The consent of the holders is not necessary under the indenture to approve the particular form of any proposed amendment. It is sufficient if such consent approves the substance of the proposed amendment. After an amendment with the consent of the holders under the indenture becomes effective, Energy Transfer is required to mail to all holders of notes a notice briefly describing such amendment. However, the failure to give such notice to all such holders, or any defect therein, will not impair or affect the validity of the amendment.

Defeasance and Discharge

Energy Transfer at any time may terminate all its obligations under the indenture as they relate to the notes of any series (“legal defeasance”), except for certain obligations, including those respecting the defeasance trust and obligations to register the transfer of or exchange the notes, to replace mutilated, destroyed, lost or stolen notes and to maintain a registrar and paying agent in respect of the notes.

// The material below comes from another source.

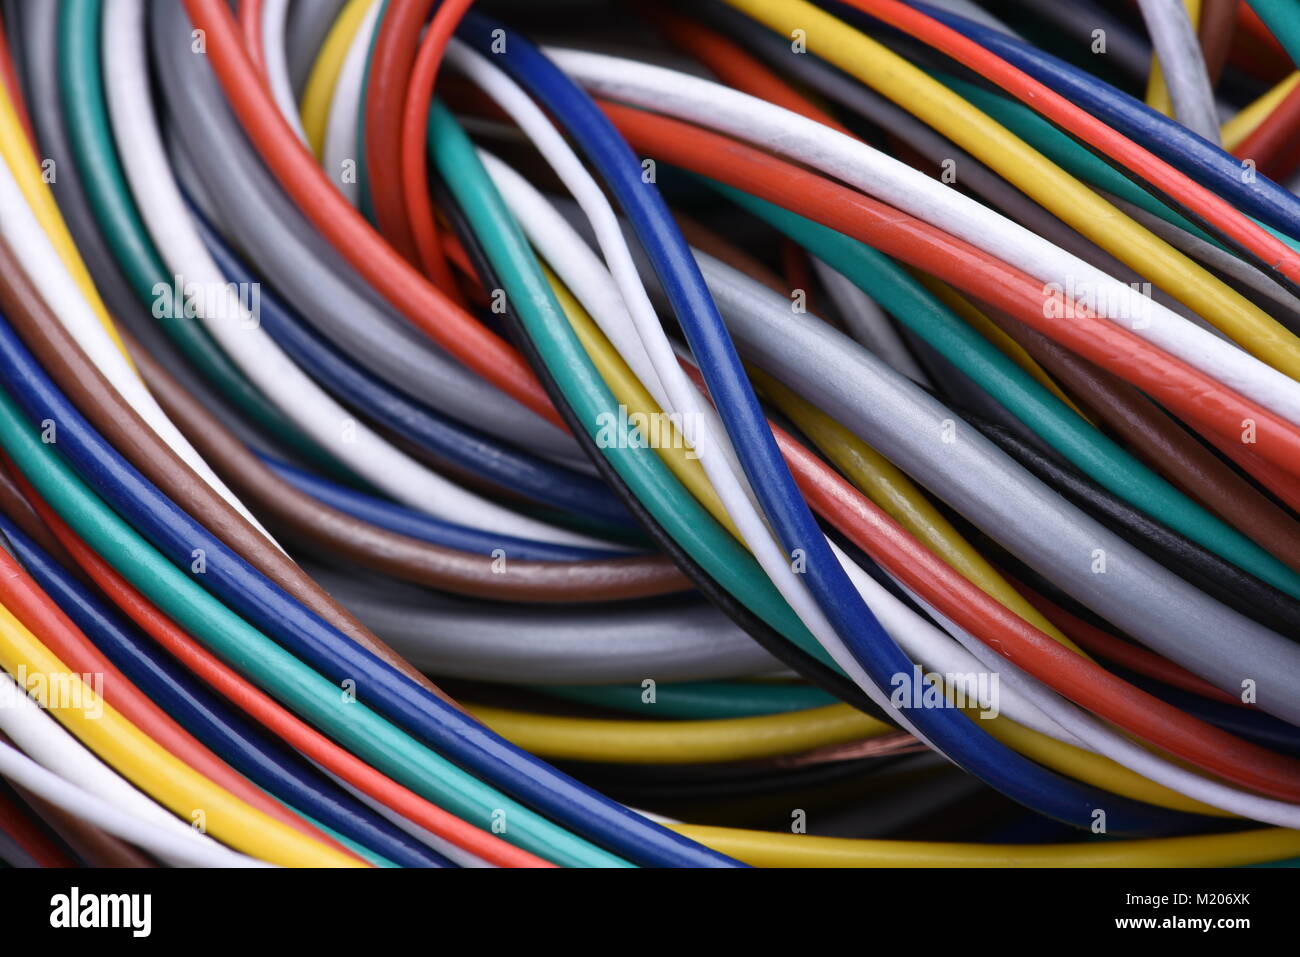 Colorful electrical cables Stock Photo

Energy Transfer at any time may terminate its obligations under the covenants described under “—Certain Covenants” (other than “Merger, Consolidation or Sale of Assets”) and the bankruptcy provisions with respect to each Subsidiary Guarantor, the guarantee provision and the cross-acceleration provision described under “—Events of Default” above with respect to the notes of any series (“covenant defeasance”).

Energy Transfer may exercise its legal defeasance option notwithstanding its prior exercise of its covenant defeasance option. If Energy Transfer exercises its legal defeasance option, payment of the notes of the applicable series may not be accelerated because of an Event of Default. If Energy Transfer exercises its covenant defeasance option for the notes, payment of the notes of the applicable series may not be accelerated because of an Event of Default specified in clause (3), (4) (with respect only to a Subsidiary Guarantor), (5) or (6) under “—Events of Default” above. If Energy Transfer exercises either its legal defeasance option or its covenant defeasance option, each guarantee will terminate with respect to the notes of the applicable series and any security that may have been granted with respect to the notes of the applicable series will be released.